ASSIGNMENT
Data follows below. Repeat exactly the lines between the line holding "Download Contoh Blangko" and the line holding "Bulletproof - Canvas print - Living Room", inclusive, and nothing more; drop pictures.

THE DATA
- - - -
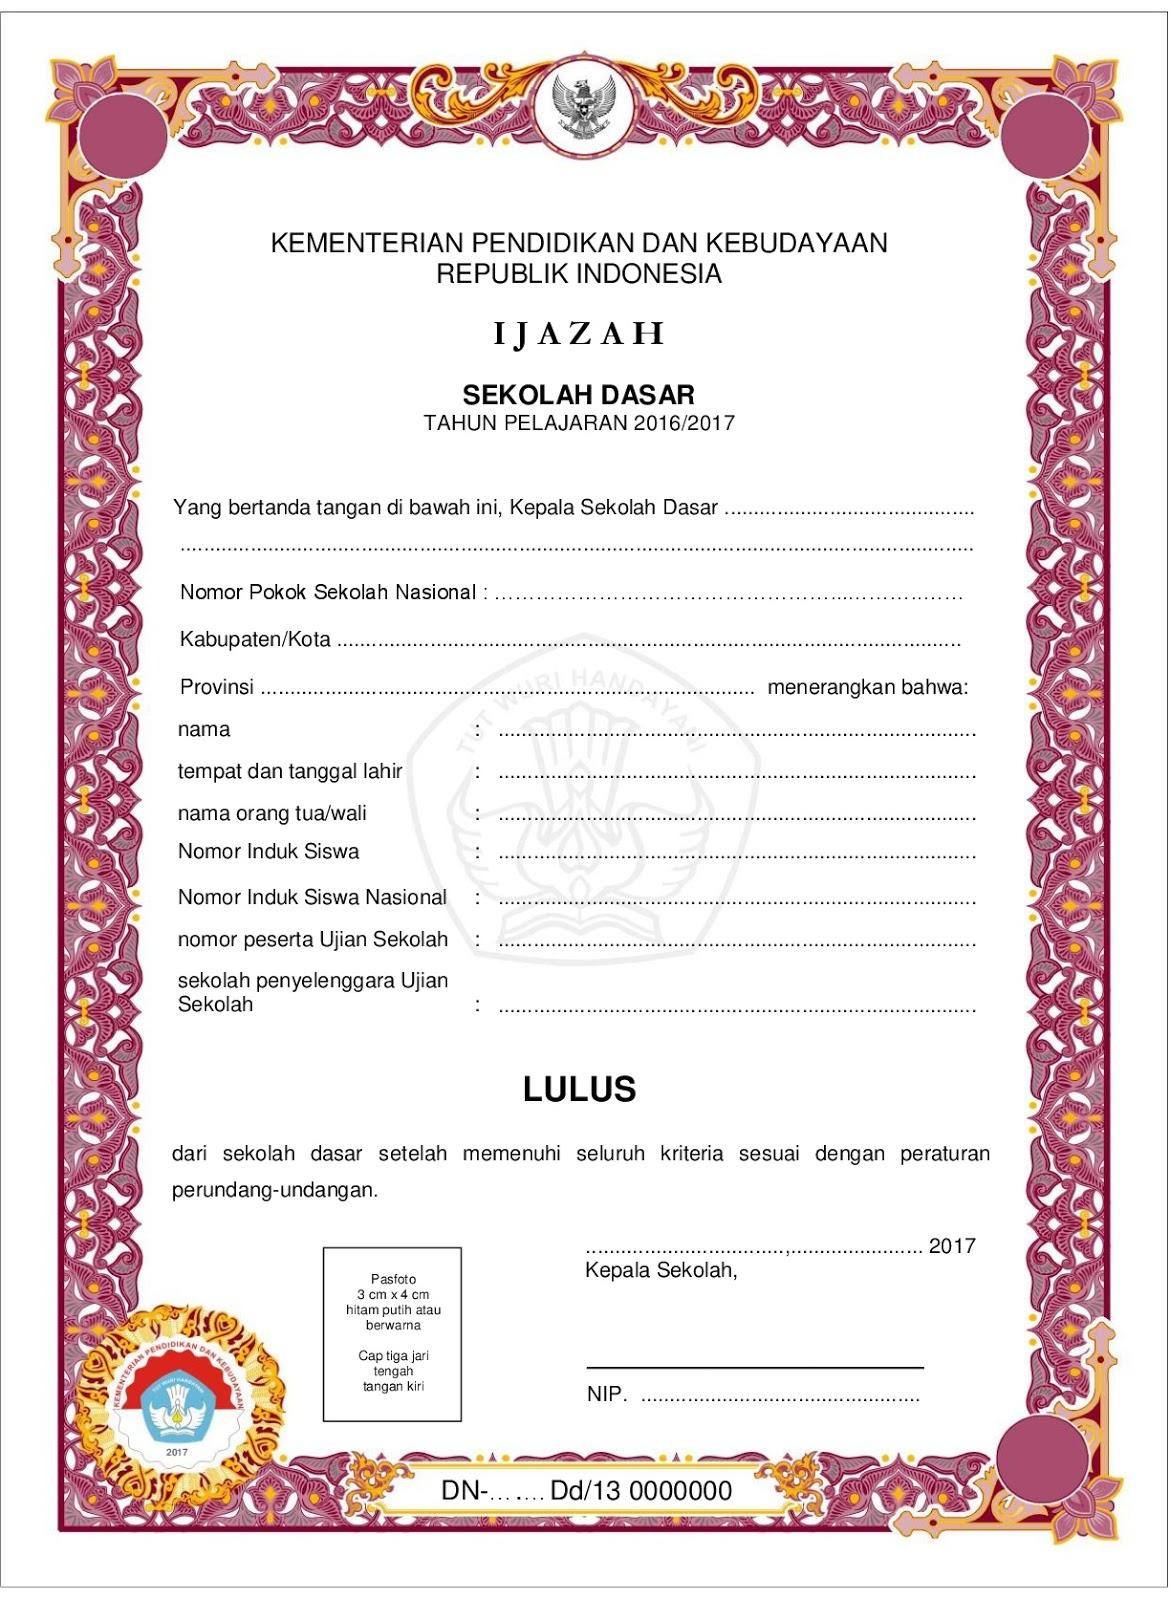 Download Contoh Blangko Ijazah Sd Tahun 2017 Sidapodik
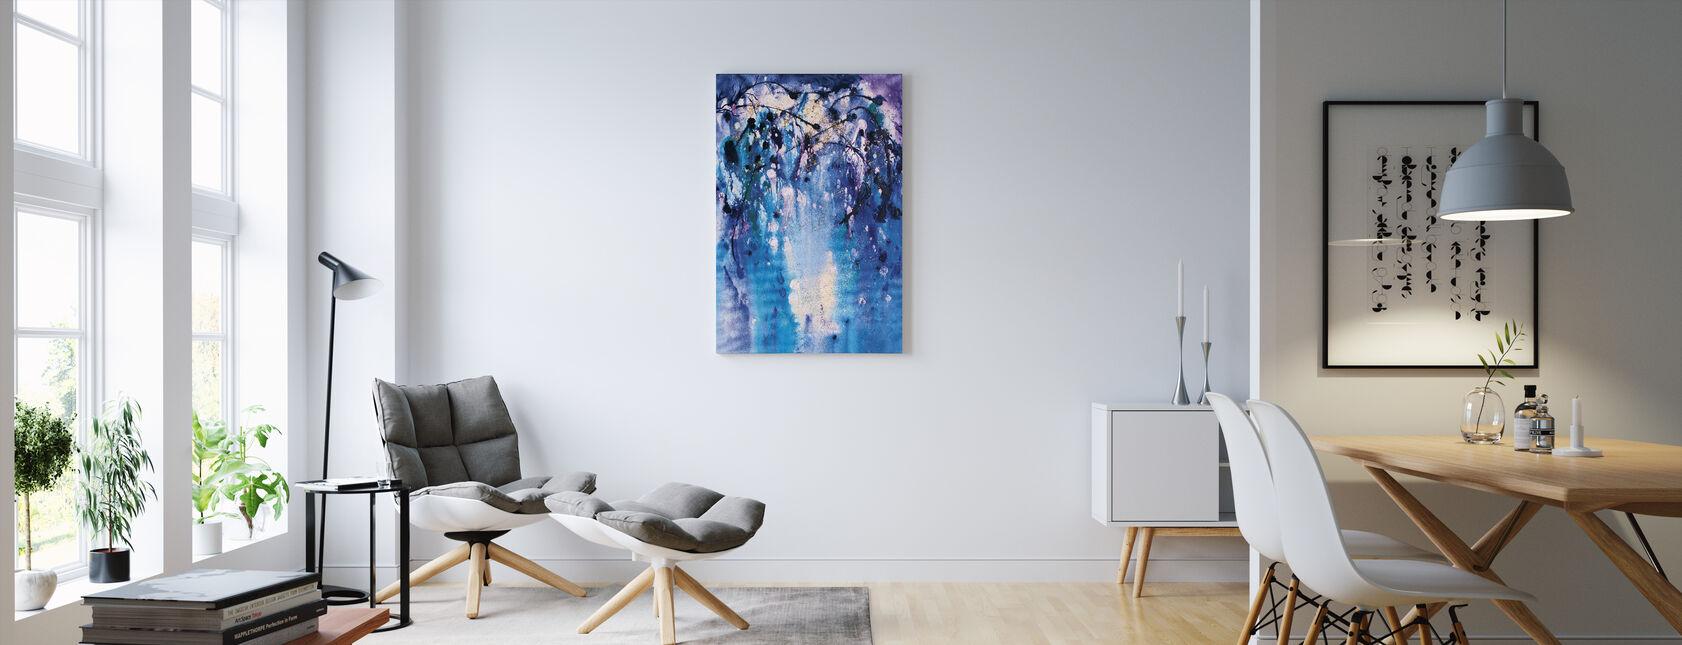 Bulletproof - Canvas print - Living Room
- - - -
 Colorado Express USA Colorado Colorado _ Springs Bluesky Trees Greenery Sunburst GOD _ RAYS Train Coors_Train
- - - -
EXERCISE ANSWER
 Download Contoh Blangko Ijazah Sd Tahun 2017 Sidapodik
 Bulletproof - Canvas print - Living Room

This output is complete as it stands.